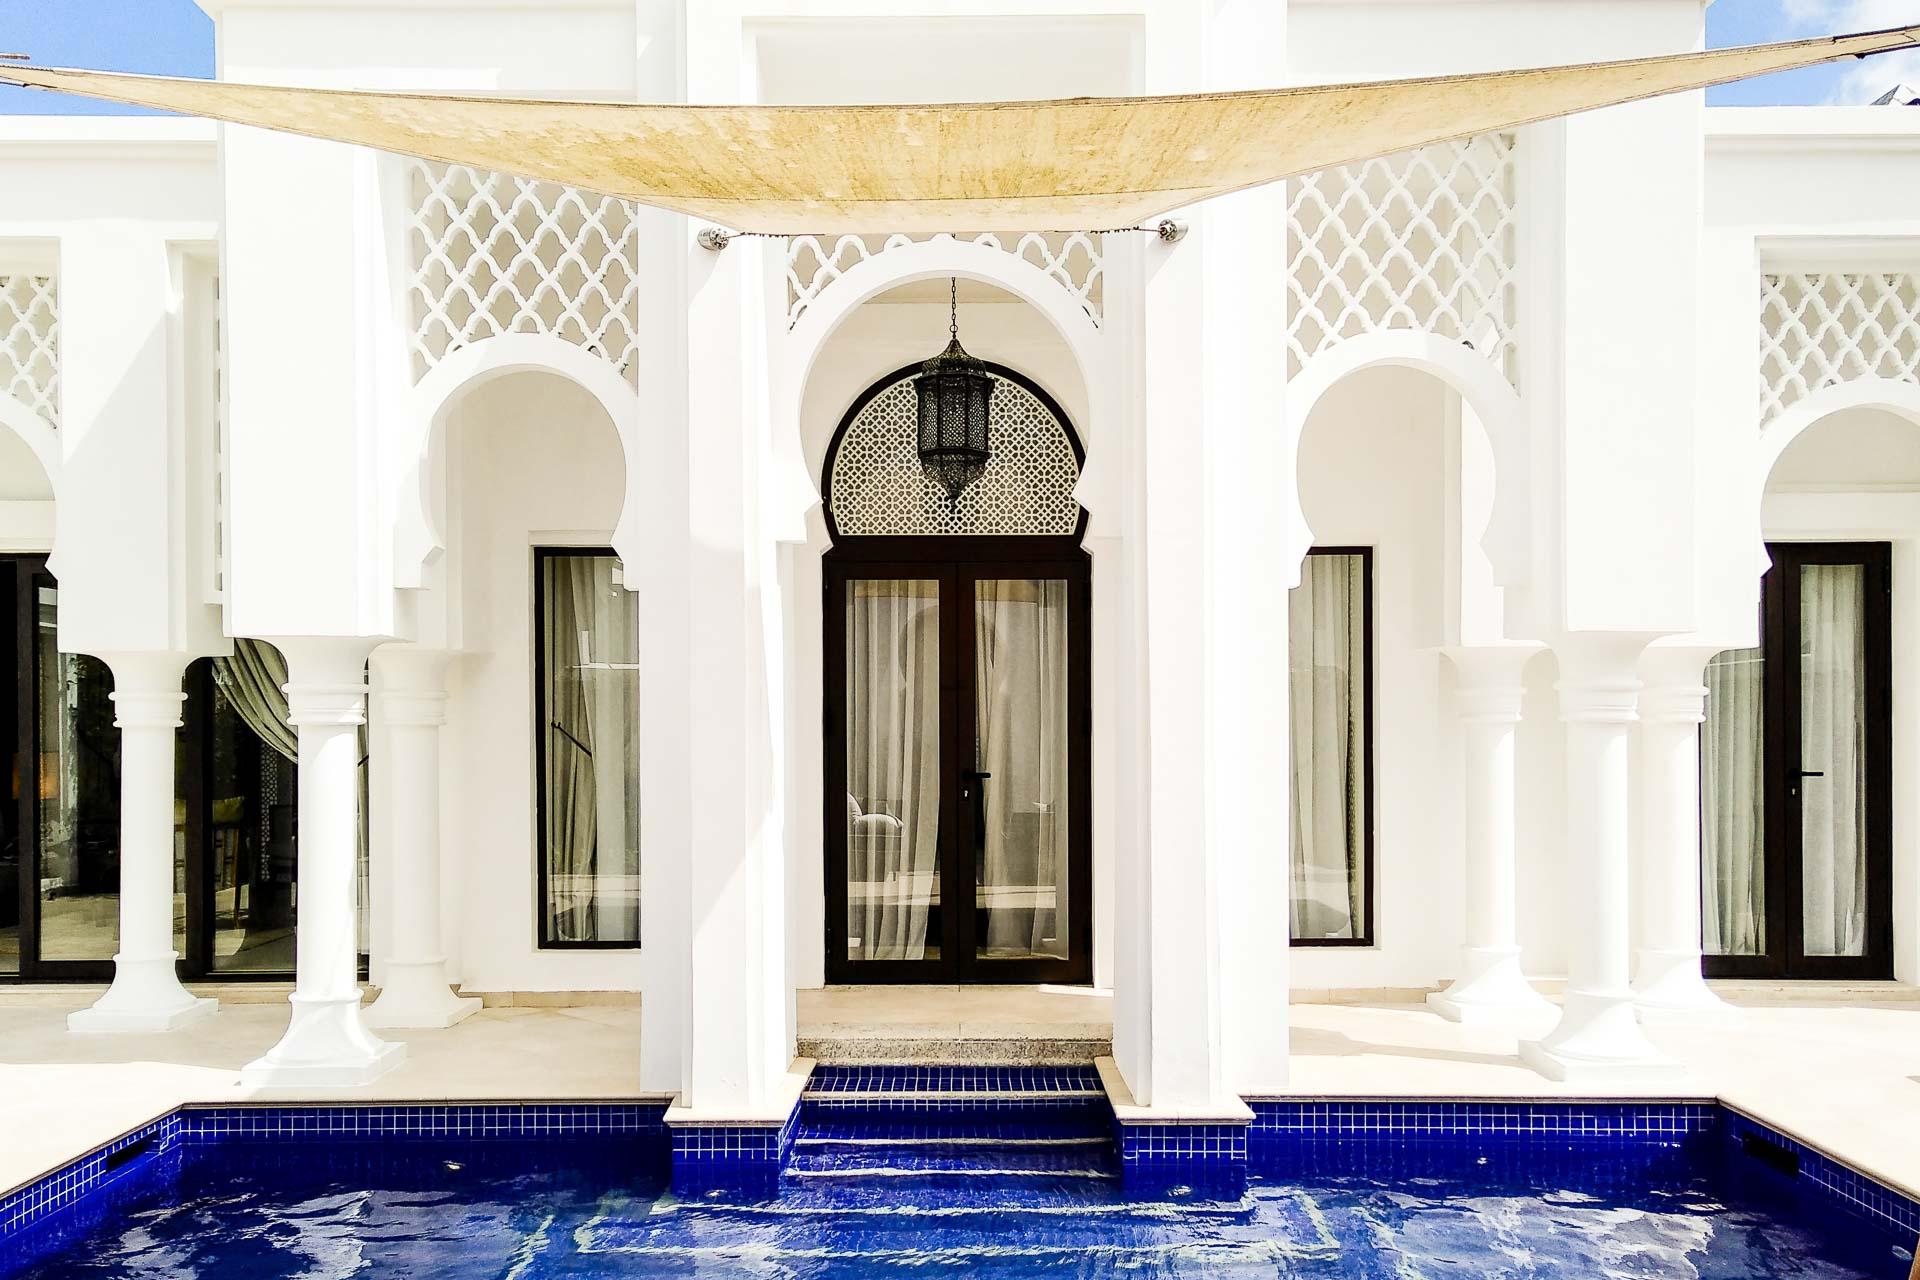 Non loin de Tanger, dans le Nord du Maroc, le somptueux Banyan Tree Tamouda Bay - inauguré en 2016 - offre un luxe inédit sur le pourtour méditerranéen. Chaque hôte y réside dans une immense villa... avec piscine privée !
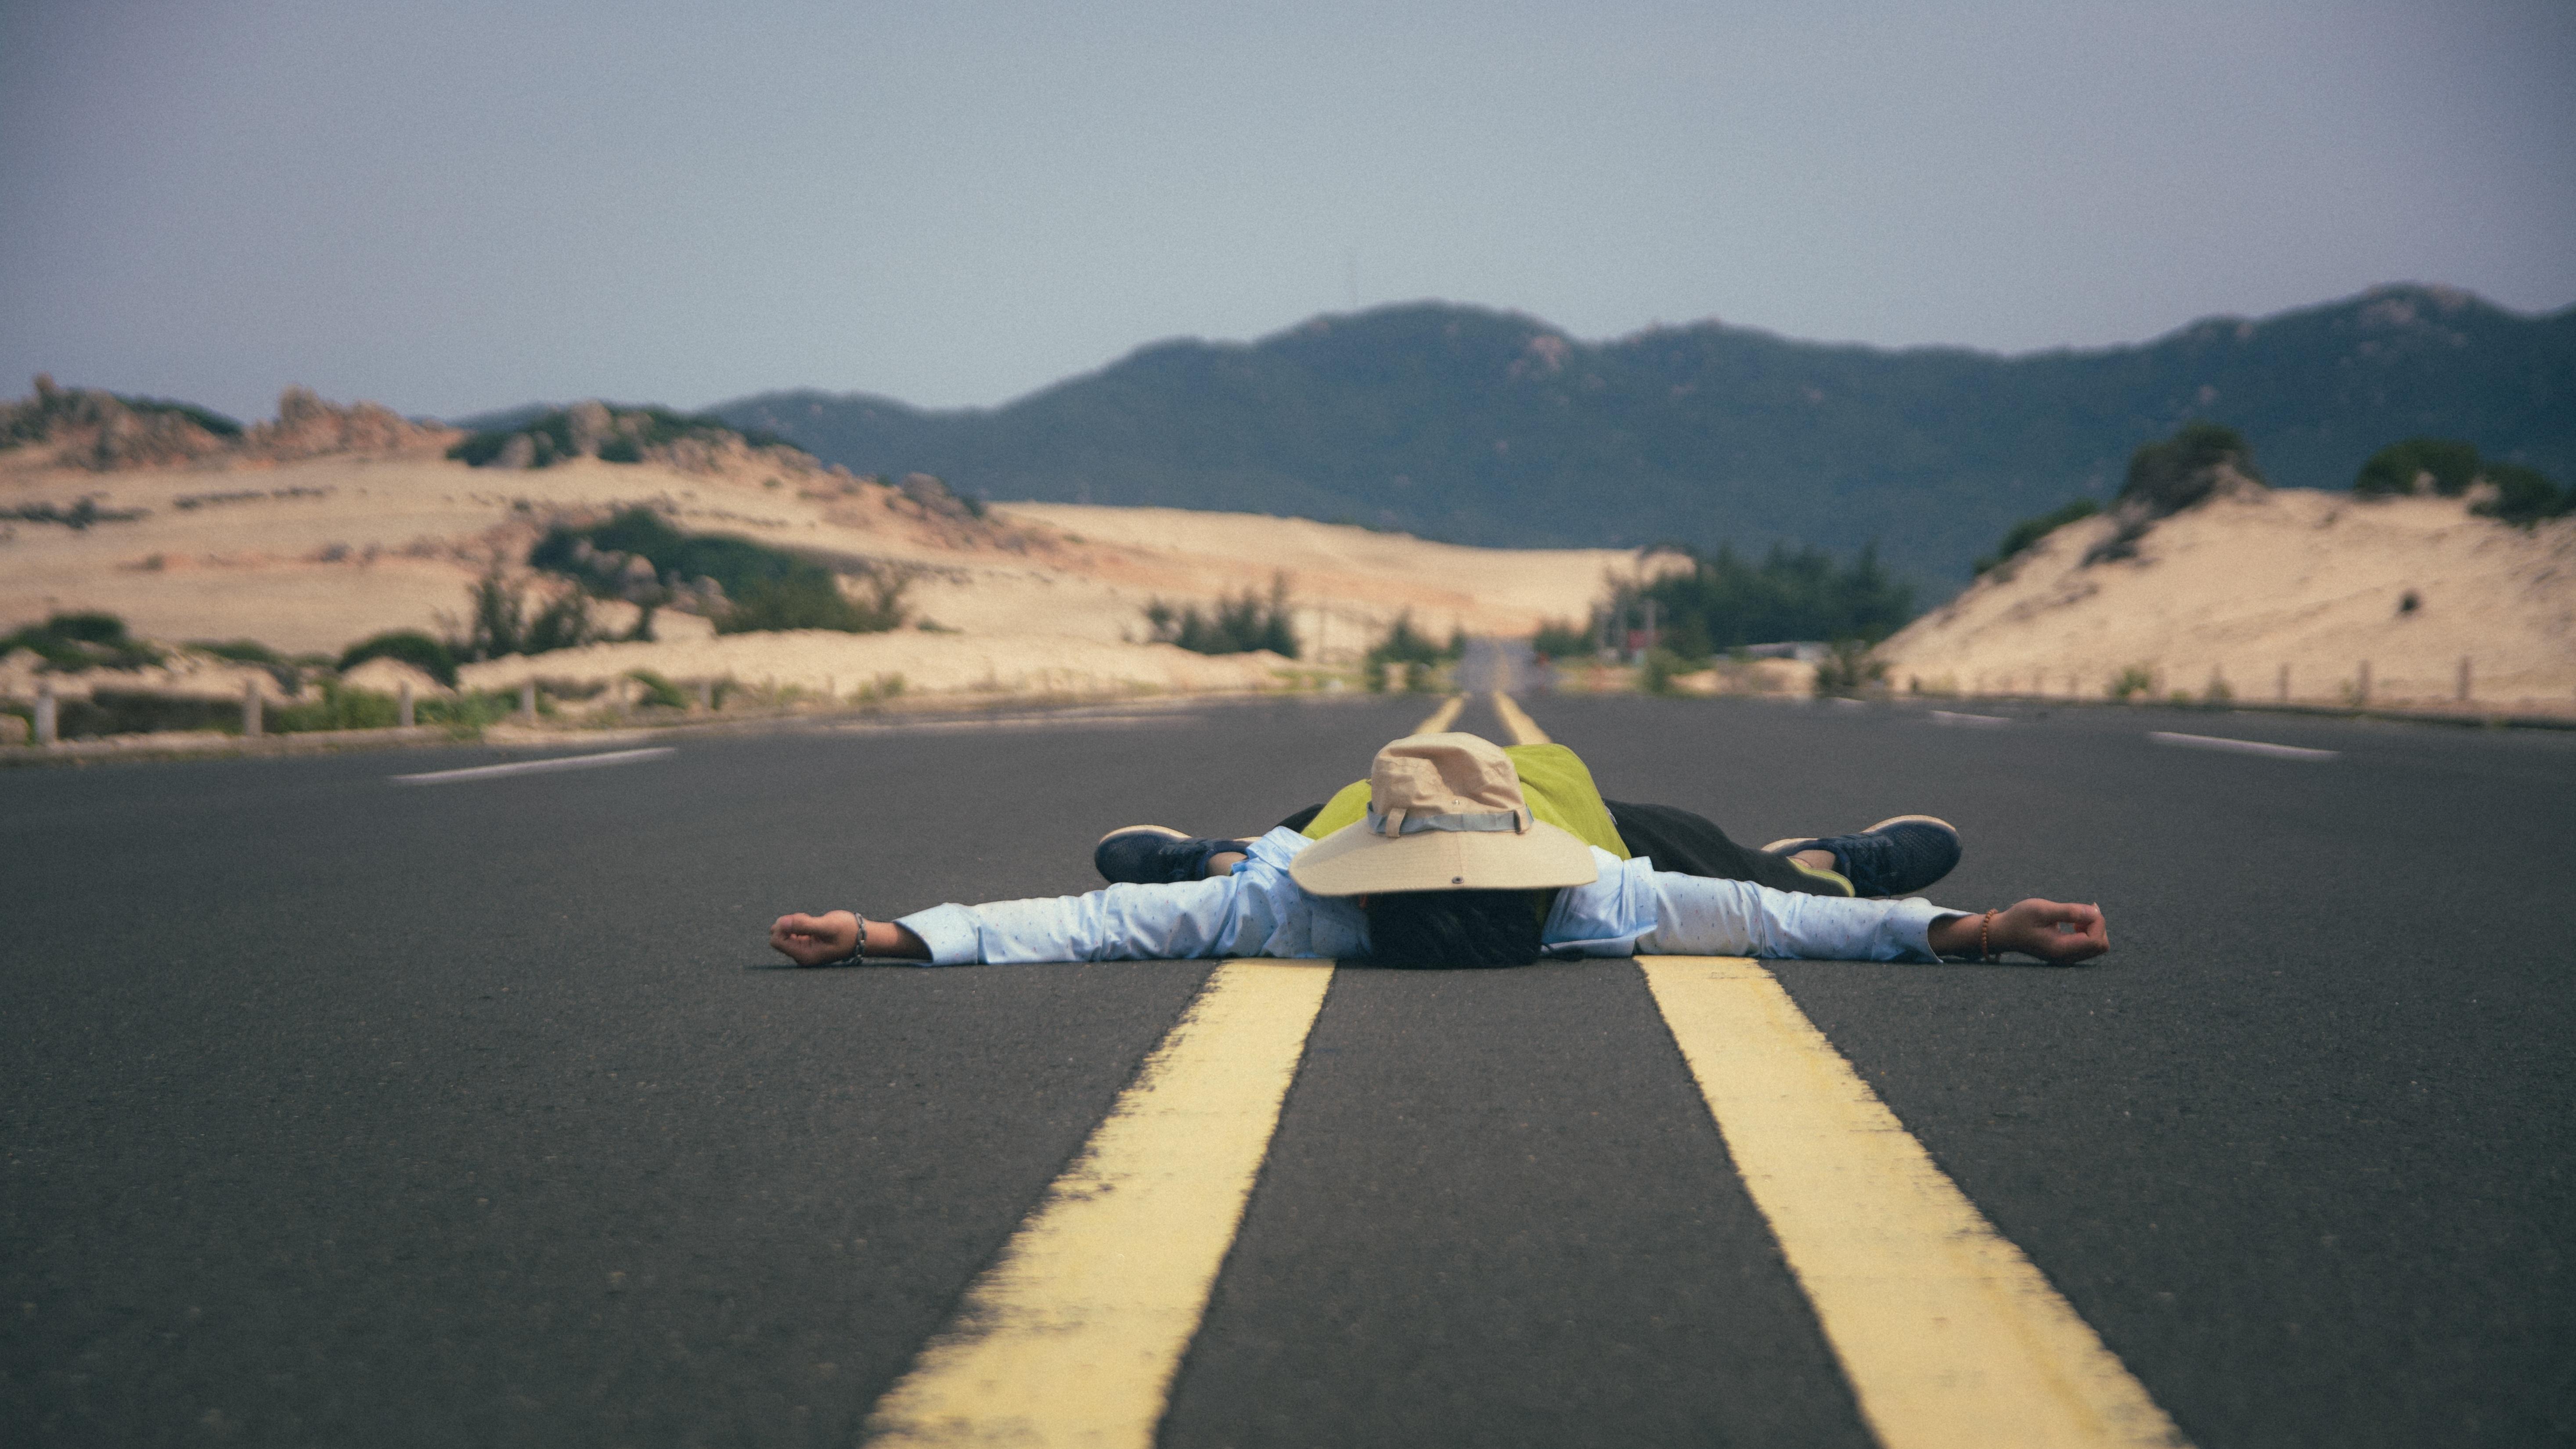 первым картинка лежа на дороге стало известно, что
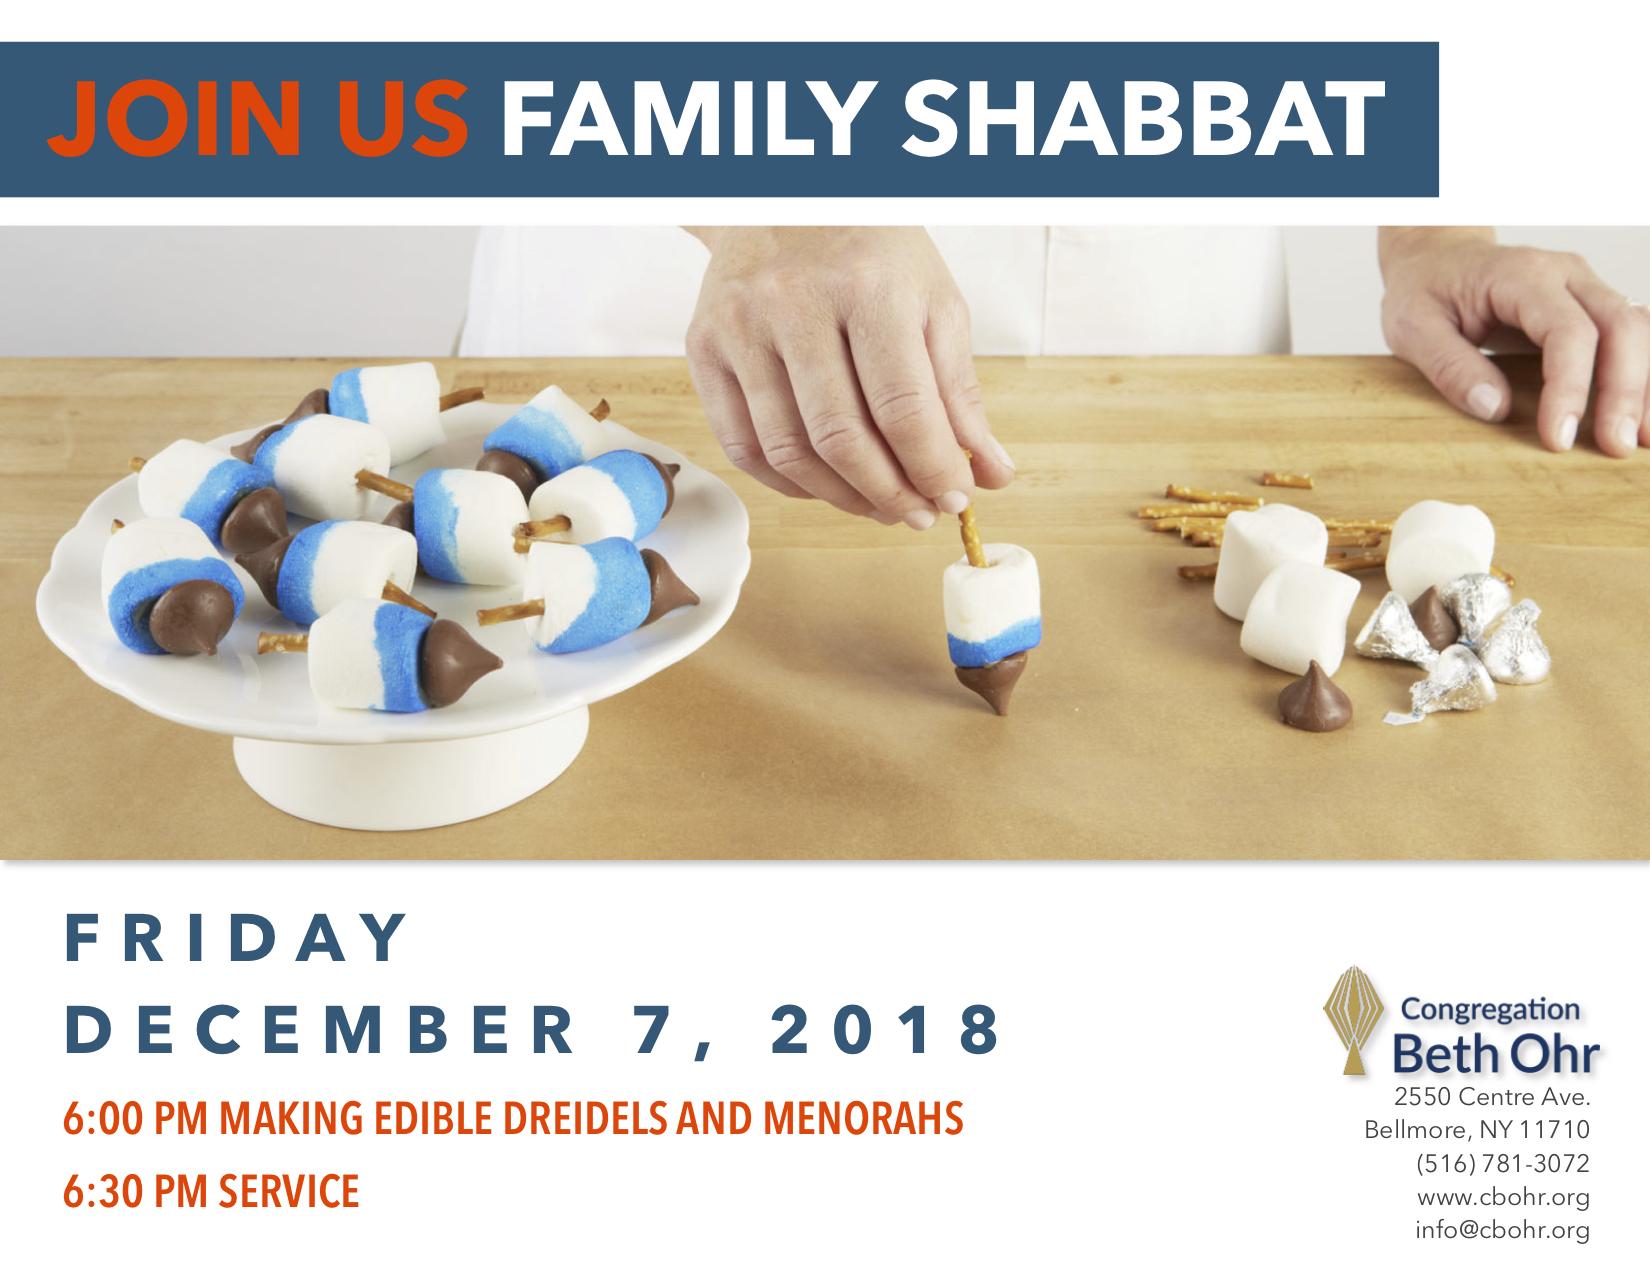 Family Shabbat

• • • • •

When you retype the material above, keep every word exact and drop the images.

▸ **Output below**:
 Non loin de Tanger, dans le Nord du Maroc, le somptueux Banyan Tree Tamouda Bay - inauguré en 2016 - offre un luxe inédit sur le pourtour méditerranéen. Chaque hôte y réside dans une immense villa... avec piscine privée !
 первым картинка лежа на дороге стало известно, что
 Family Shabbat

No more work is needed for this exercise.